Here’s what landed for me this week and what I feel is worth your time:

1. How a 30-person foundation built an AI ground game

The Annenberg Foundation spent six months doing something well that most organizations jump past when they think about AI: they asked their staff and grantees what they actually needed before buying any tools.

We know that AI adoption is largely being driven from the top down. Annenberg took a different approach and ran listening sessions with every employee starting from "what are your pain points," not "where could AI fit."

They found that 63% of staff were already experimenting with ChatGPT, Copilot, and Canva's AI features — mostly ad hoc, no guidance or governance. Nice to see the "at-bats", but not so great to see this happening outside the purview of the org’s basline cyber security or existing data surfaces.

While that discovery validates the importance of getting (sanctioned) tools in the hands of staff for exposure and learning, what I love about the approach is that it spends the bulk of early time and resources identifying the clearest opportunities for value. We know that one of the critical tensions in introducing AI technologies to an org is the apprehension of individual contributors. A posture of "AI is here to complement and augment our expertise, not to replace" feels genuine when the conversation starts with "how can you best be helped?"

The most telling finding: when they surveyed their grantees, AI for fundraising, outcomes prediction, and information analysis was classified as urgent needs — much more urgent than the foundation's own staff felt. I think this is natural; people who contribute want their contributions to go as far and as fast as possible in creating impact. The people who do the work know that any process change takes time to be safe, effective, scalable, predictable.

That tension is a real story in the sector right now. The Annenberg process is detailed in TAG's Member Spotlight Series (https://www.tagtech.org/ai-resources-for-philanthropy).

2. Your middle managers are drowning — and AI adoption is making it worse

Harvard Business Review published a piece this week that named the bottleneck between the two dominant ends of the implementation conversation: end-user value and strategic direction.

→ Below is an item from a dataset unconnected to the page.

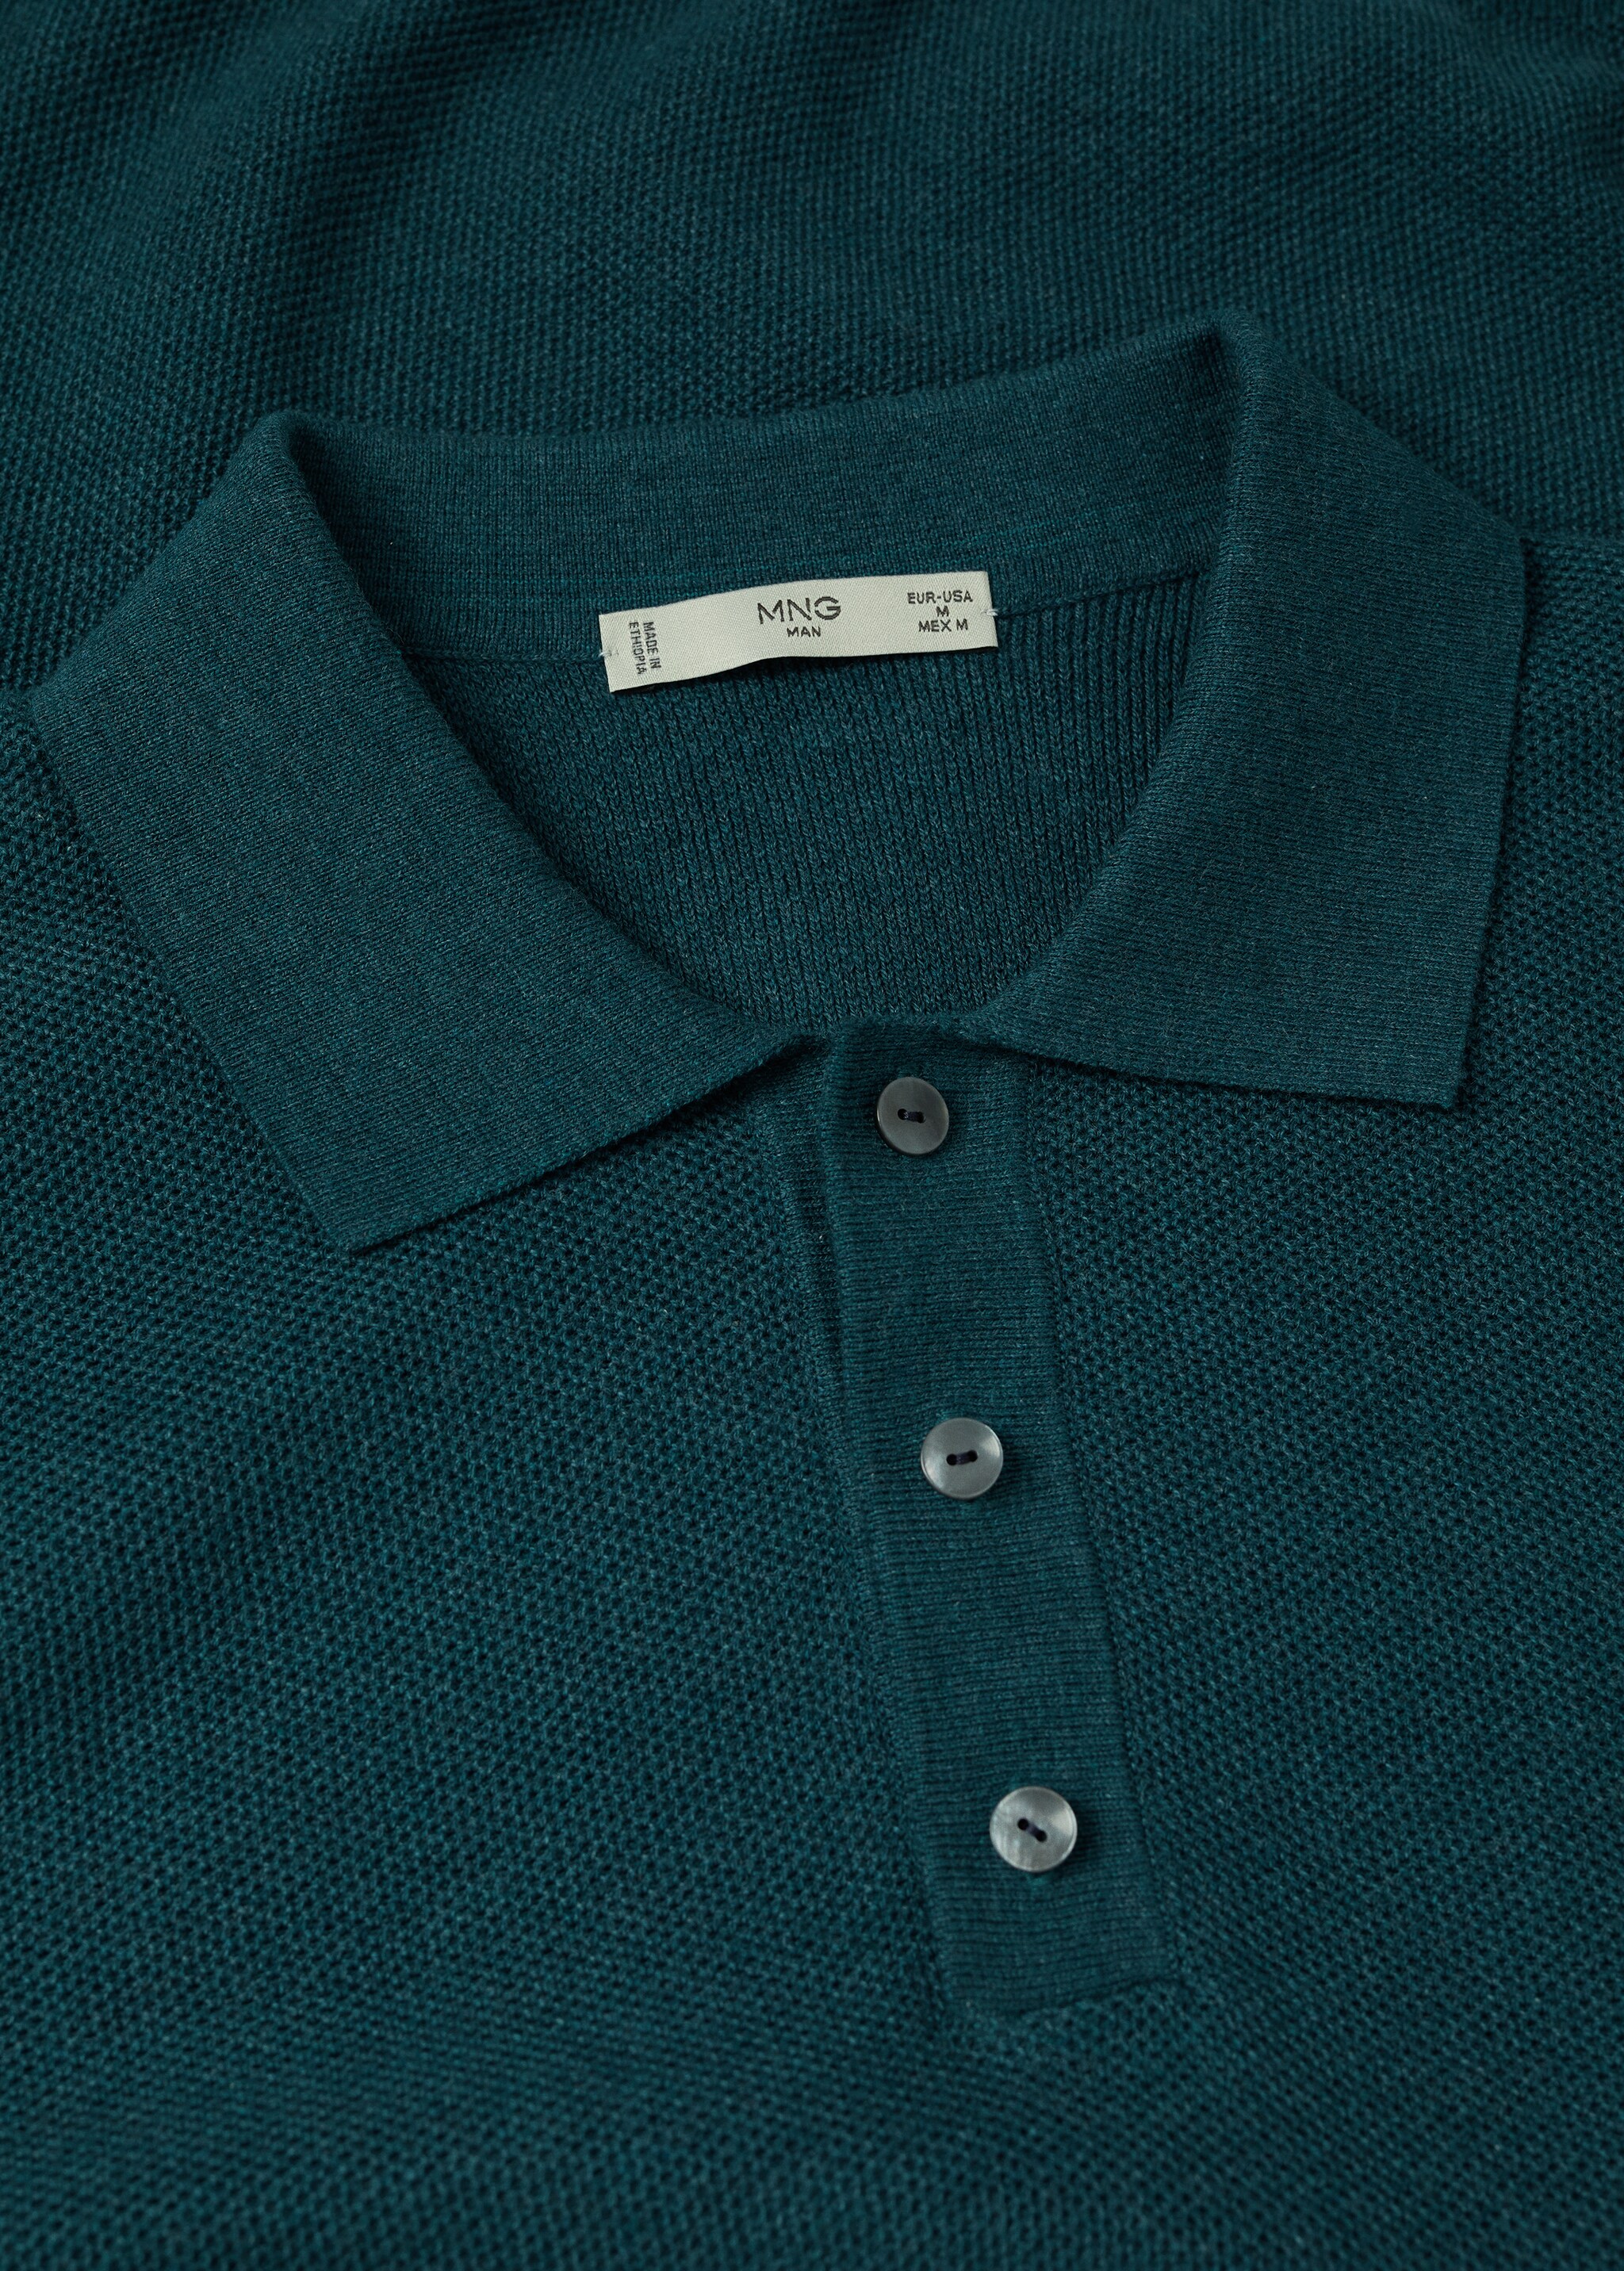 Strukturiertes Baumwoll-Poloshirt - Detail des Artikels 7

Middle managers are the ones tasked with turning executive AI ambitions into operational reality, and they're getting tepid support. No training. No budget. No license to say "this use case doesn't make sense for us." They're caught between a board that wants AI transformation and a team that's just trying to get through the week.

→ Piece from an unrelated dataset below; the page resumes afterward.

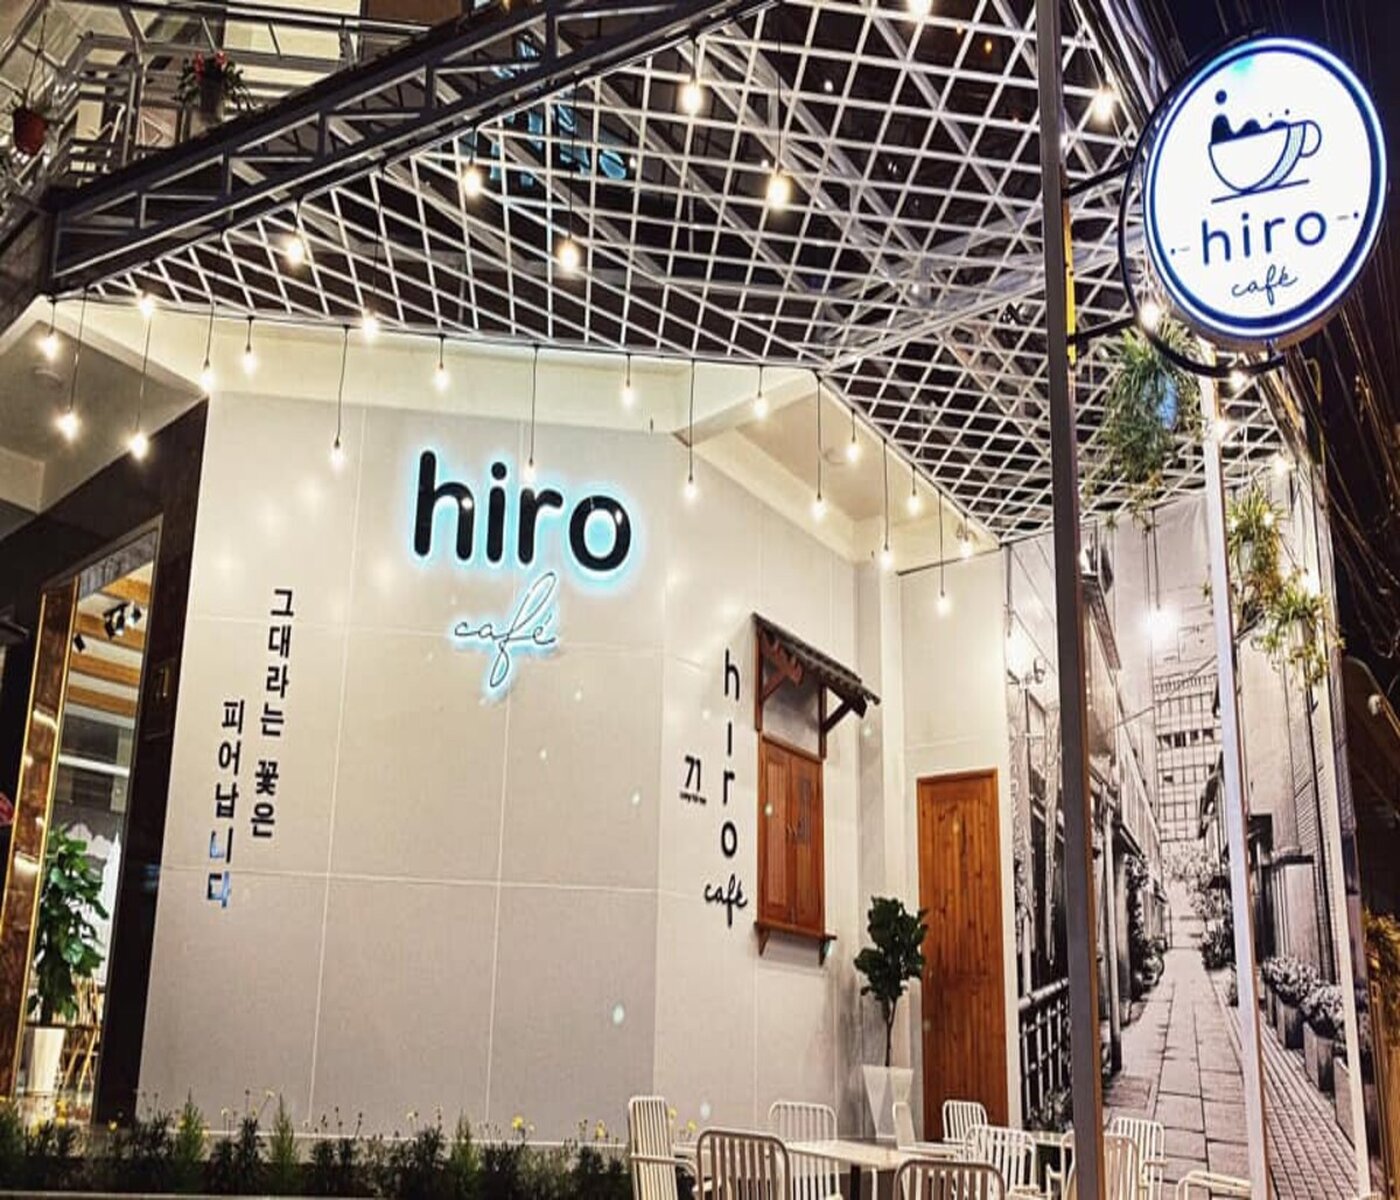 Hiro Cafe, góc nhỏ Nhật Bản trong lòng thành phố Bảo Lộc mộng mơ 4

For NFPs this hits harder than for most orgs because there's only a thin middle management cushion in the best of cases. Your program directors, your ops leads, your development managers — they're doing the work and absorbing the AI learning curve.

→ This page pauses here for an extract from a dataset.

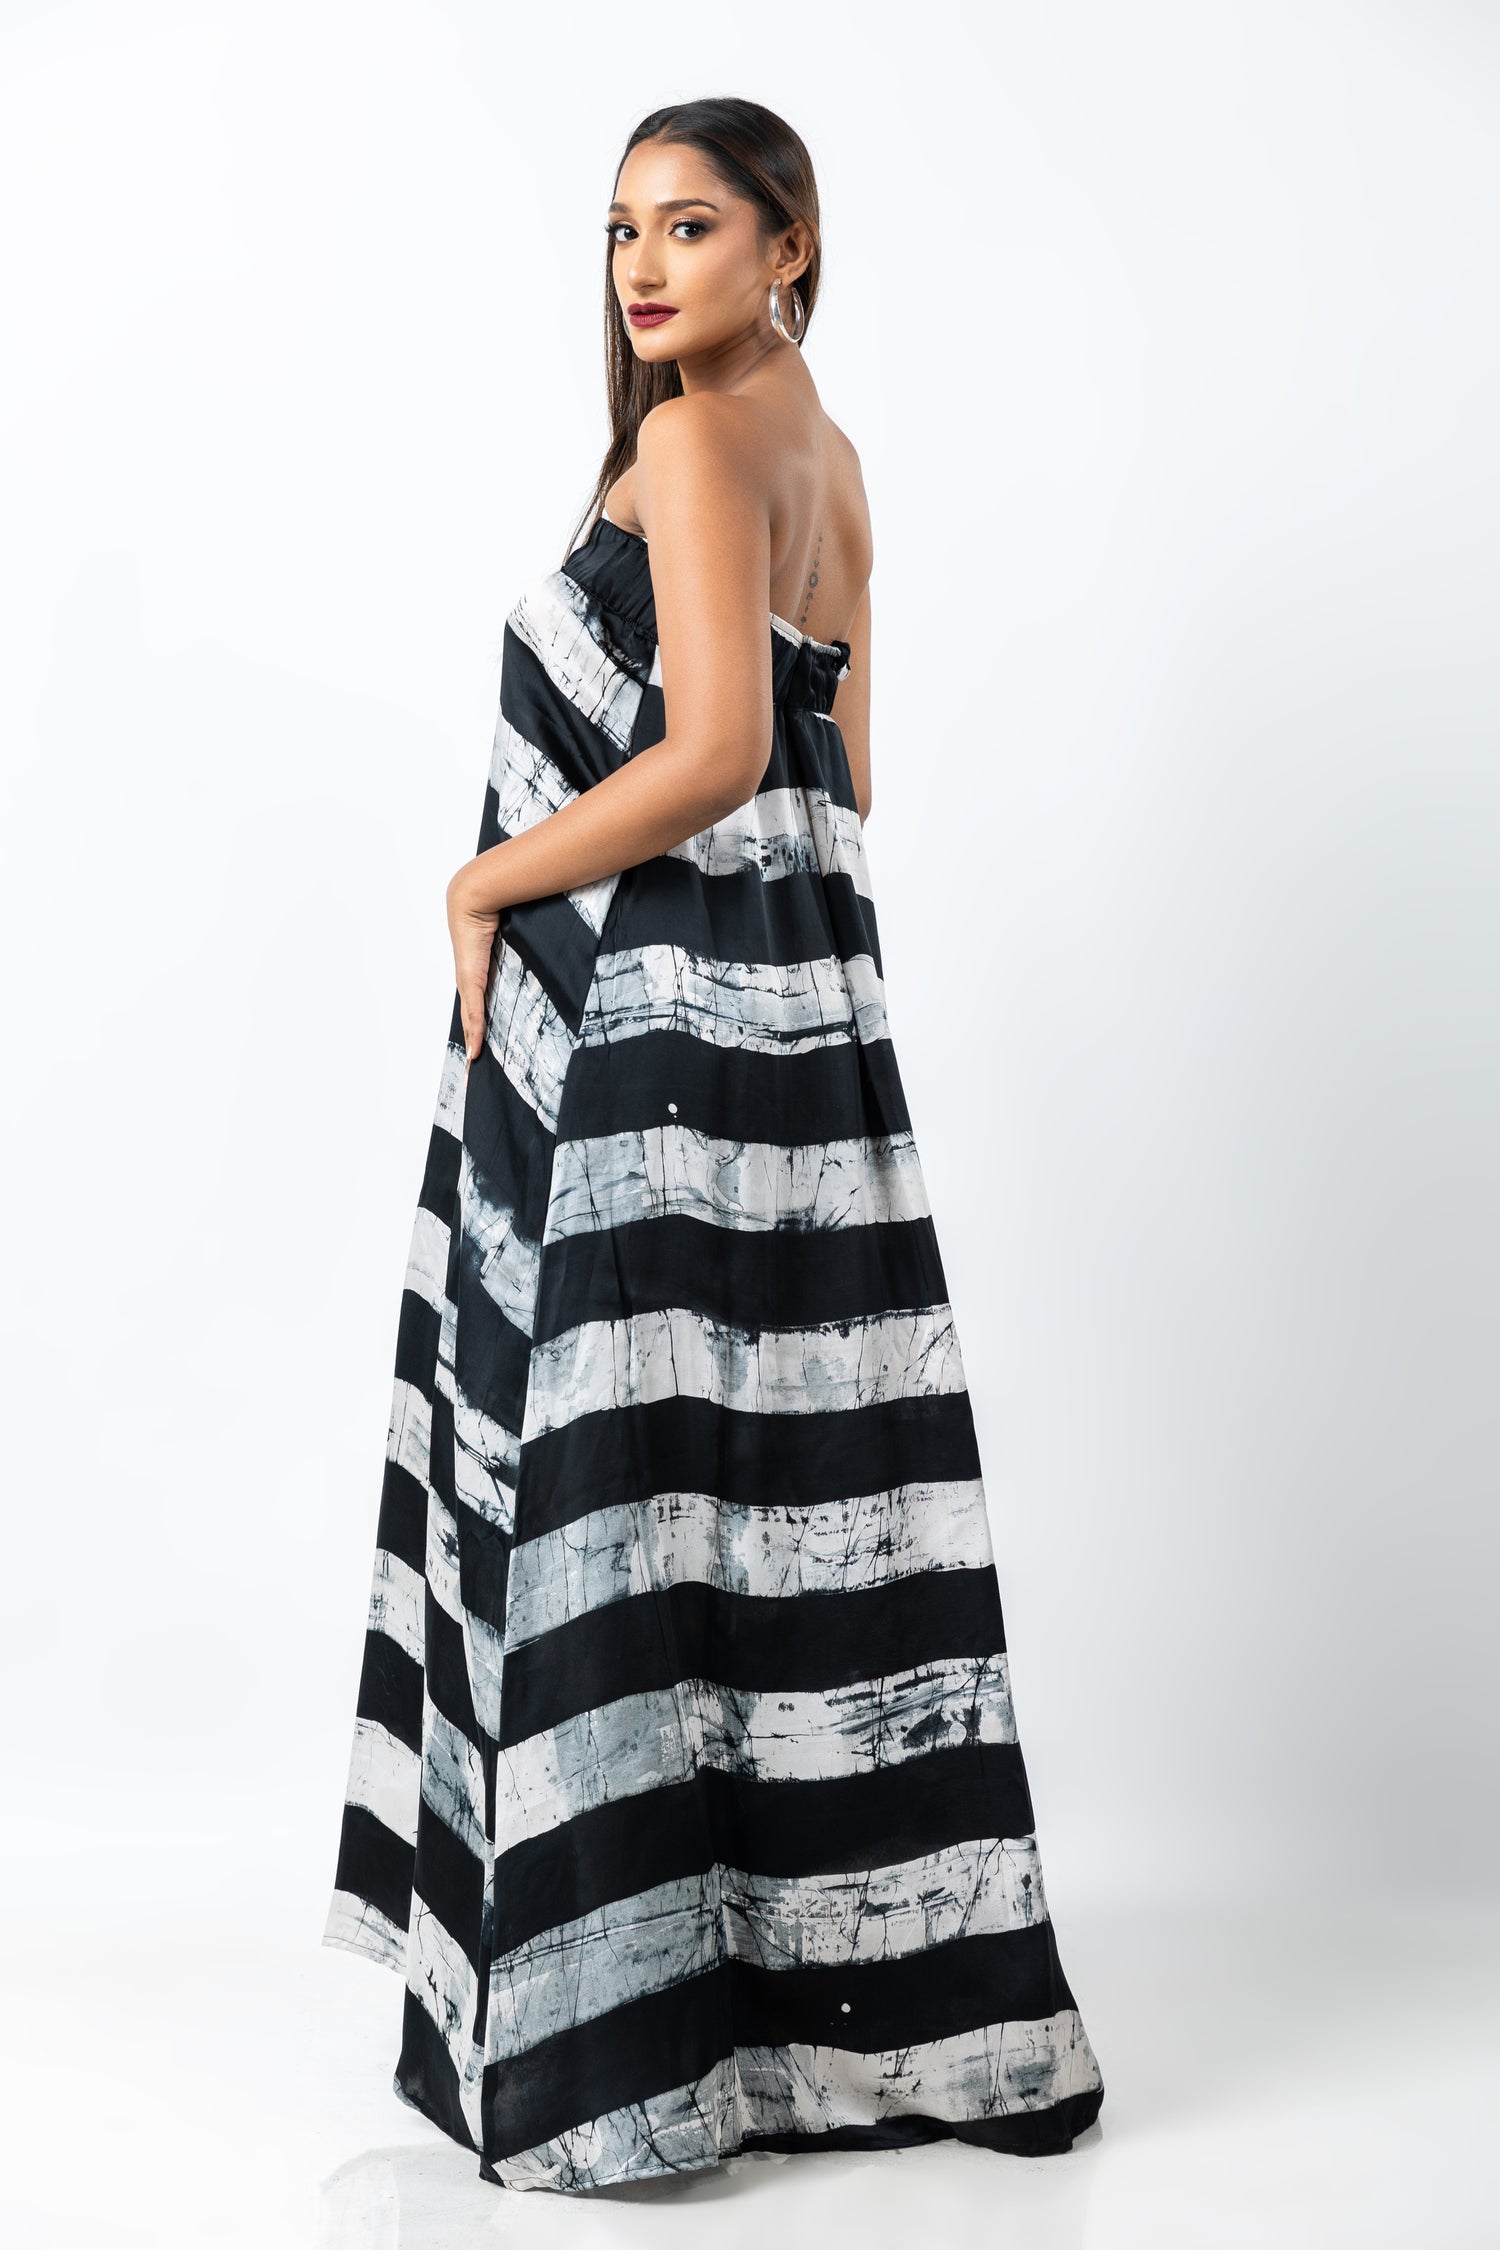 Ravishing Black Stripes Tube Dress

The HBR takeaway: if you're rolling out AI without budget or space for manager support, workflow redesign, and permission to push back on bad ideas, you're setting them up to fail.

3. A startup called Probably raised $9M to make AI stop making things up

Hallucinations are one of the biggest reasons NFPs can't deploy AI in high-stakes contexts — benefits eligibility, grant decisions, client referrals, health information. If you can't trust the output every time, you can't use it. LLMs are inherently non-deterministic. Agent workflows can be configured to try and add more validation and predictability by breaking up tasks, but this can only go so far.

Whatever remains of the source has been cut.